Bucky’s chest moves raggedly, blue shadows on his sternum. “Steve,” he says, and his voice cracks. “I’m like this. I get it. You don’t have to — just because I —”

“Buck,” says Steve, “shut up,” and walks up to him and kisses him.

He’ll always remember it like that, later. The first time was dizzy, instinctive. The second, he walks up to Bucky like you would to the grocery clerk. He stops a handsbreadth away and puts his lips on Bucky’s mouth.

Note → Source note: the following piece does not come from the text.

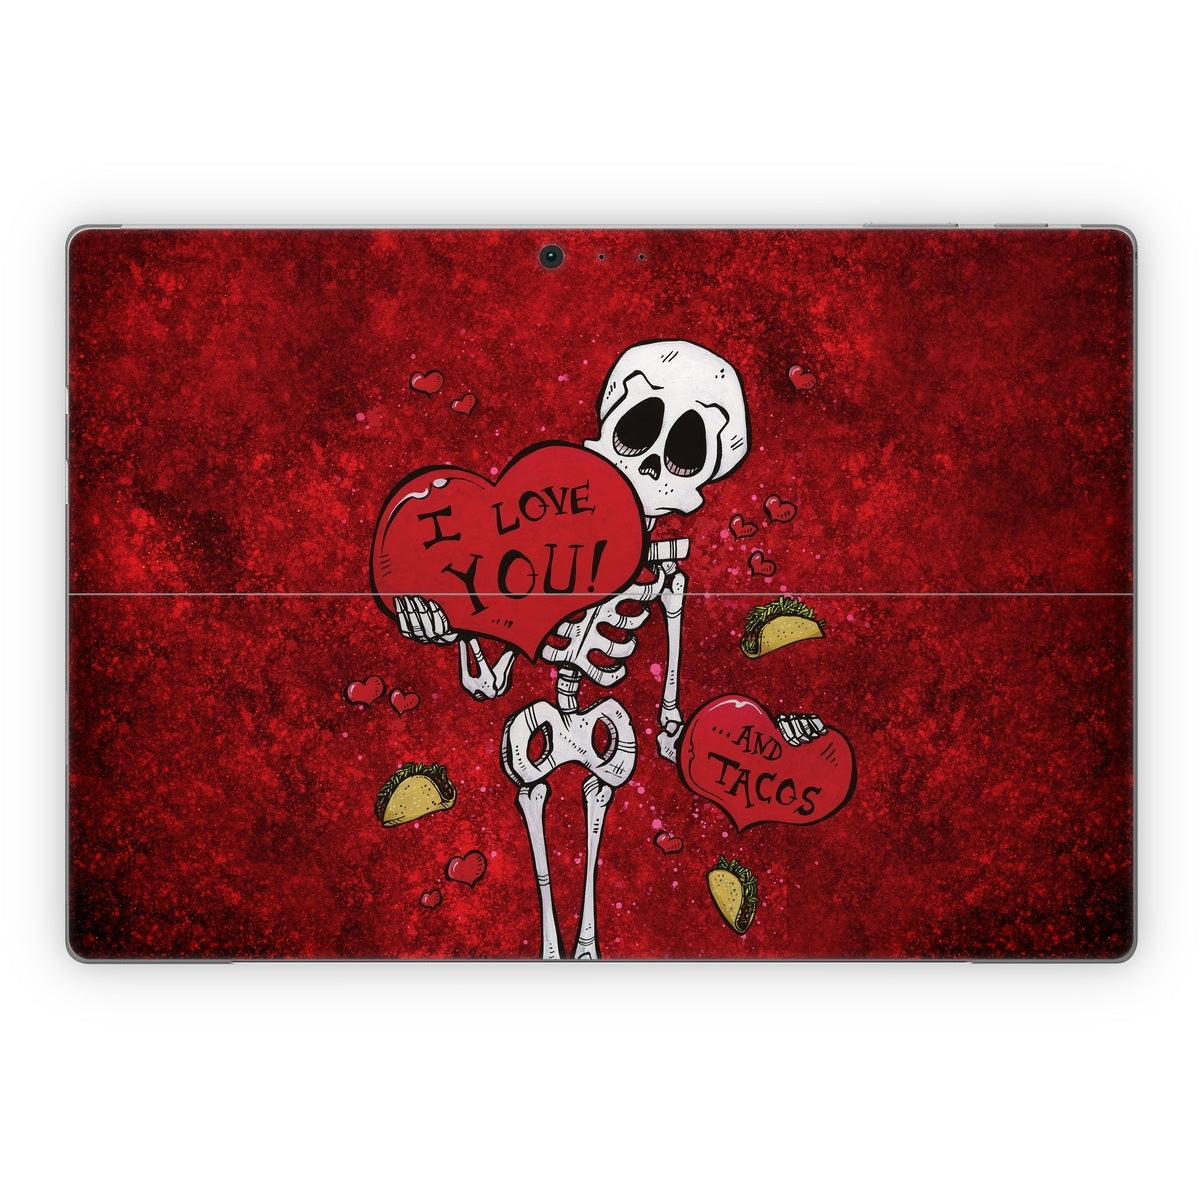 I Love You And Tacos - Microsoft Surface Pro Skin

Bucky freezes. There’s a fine trembling in his limbs; Steve can almost feel it in the air between them. Then he says, “God, you’re a fearless little shit,” and their chests are pressing together, Bucky’s hands in Steve’s hair, and Steve is skating his palms over Bucky’s hips and down around Bucky’s ass, and it’s not like he hasn’t drawn it a hundred times, a thousand, but touching it is _different,_ it’s different, and Bucky jumps a little and gasps, “ _Jesus,_ Steve.” That brings their erections brushing together, through just two layers of thin fabric, and Bucky sits down hard on the bed.

Steve stands over him for a moment, taller than Bucky for once in his life. Then Bucky catches his hand, twines their fingers, and Steve drops to the bed beside him, reaches to carefully turn Bucky’s face by the cheek, to keep kissing him. He sinks back onto the covers and pulls Bucky with him, on top of him, one hand on his hip and another on his jaw.

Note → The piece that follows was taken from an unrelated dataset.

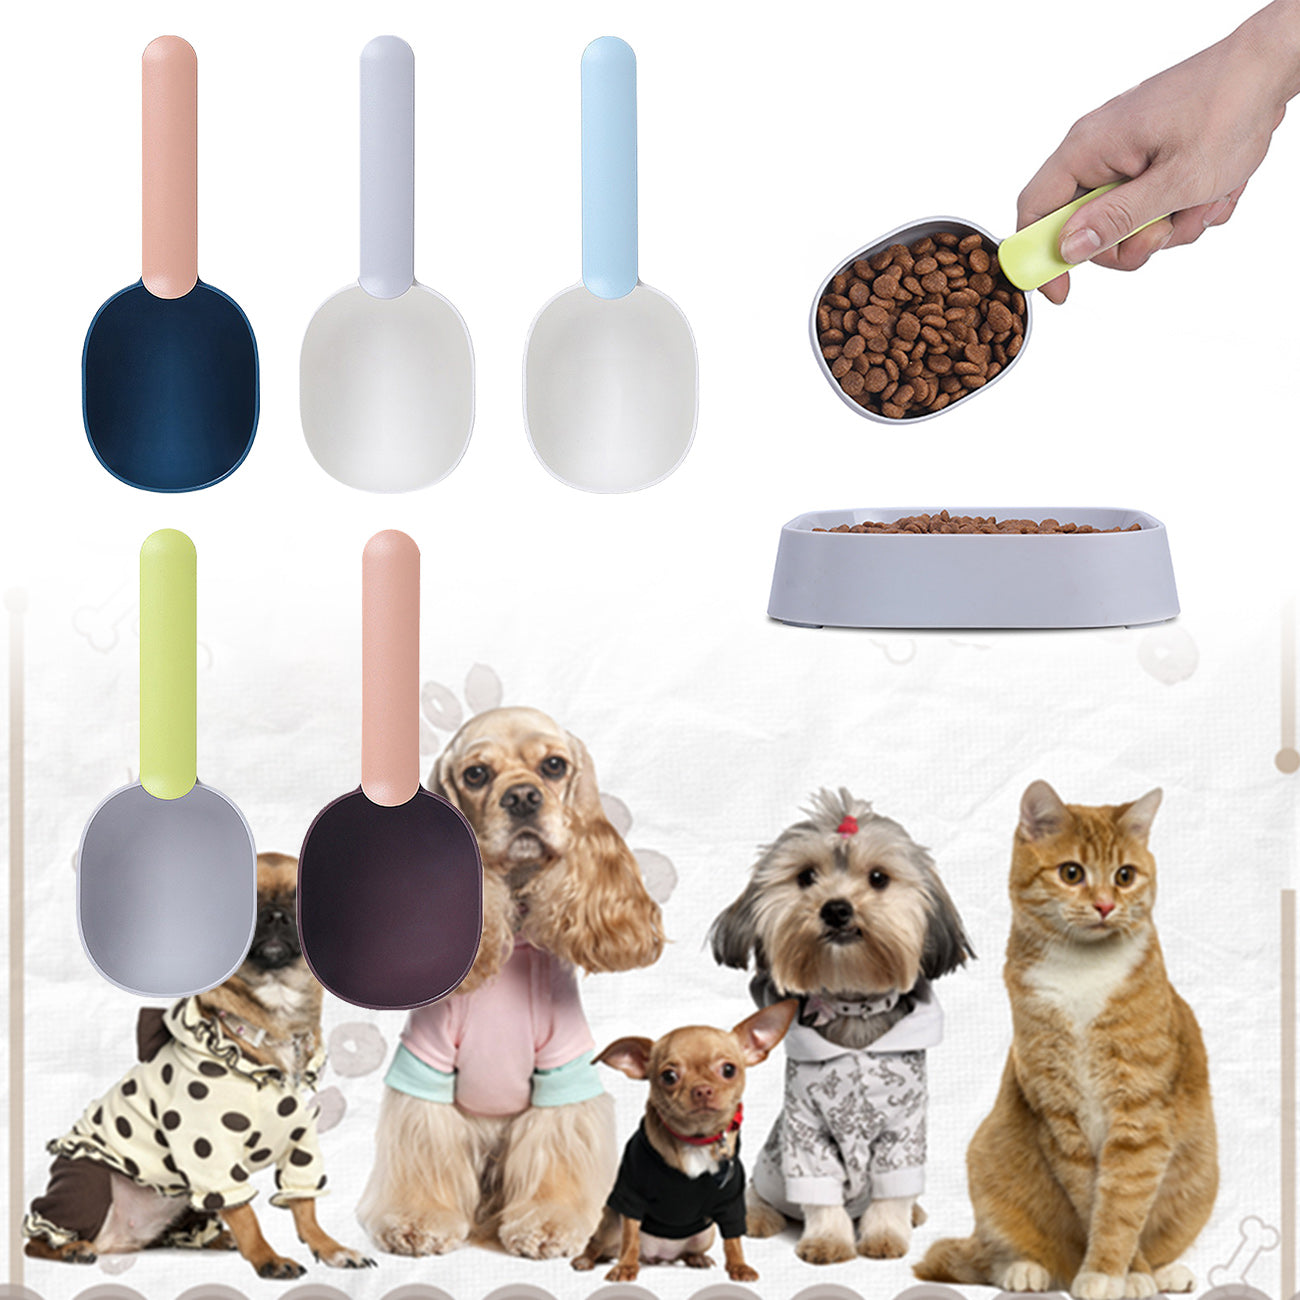 Pet Food Scoop With Ergonomic Bag Clip Handle For Cats Puppies And Small Dogs Measuring Scoop Dog Food Scoop, Plastic Measuring Cup Pet Food Feeding 1 Cup Spoon Long Handle With Clip For Dogs Cats

He’s seen men doing this, down back alleys. The hasty fumbling, their clothes in disarray. He’s seen their hands in each other’s trousers, their mouths on each other’s skin. He’s lingered, longer than he should, wondering what it would be like. This, he thinks, is better.

He’d have thought being on his back would make him the passive partner. It doesn’t; his hands are free to roam over Bucky’s back, his thighs, free to draw Bucky down into a kiss or press him up sitting so Steve can mouth his way over his taut belly, his chest. Bucky shivers and follows Steve’s lead and braces himself on his arms, as if Steve’s the one who knows what he’s doing here, and maybe he is.

Bucky doesn’t object when Steve slides his boxers down over the curve of his ass, followed by his own. He barely breathes when Steve threads a hand between their bodies and guides them together, starts jacking them both slow. Then he buries his face in Steve’s neck, breath warm and frantic on his skin, hips jerking in helpless half-thrusts, until he’s coming, they’re both coming, and Bucky sucks desperate kisses against Steve’s collarbone, the slight muscle of his shoulder.

They clean the mess before it cools, practical; they use the purple sheet. Then Bucky pulls Steve close to his chest and buries his nose in the hair just above Steve’s ear, breath whistling quietly in and out. Steve pulls Bucky’s arm over his belly, a dead weight, and draws the covers up over both of them.

They fall asleep like that, heavy and spent, intertwined. Bucky’s bare skin is warm against his back, his embrace like home. Steve wonders vaguely, from the edge of oblivion, how he ever drifted off any other way.

\---

They wake at one in the morning, because of the earthquake.

The bed sways and sidles beneath them, like a rollercoaster threatening to drop. The pictures rattle on the walls. One of Steve’s brushes falls from the easel, then another, then the whole thing collapses. The shaking stops.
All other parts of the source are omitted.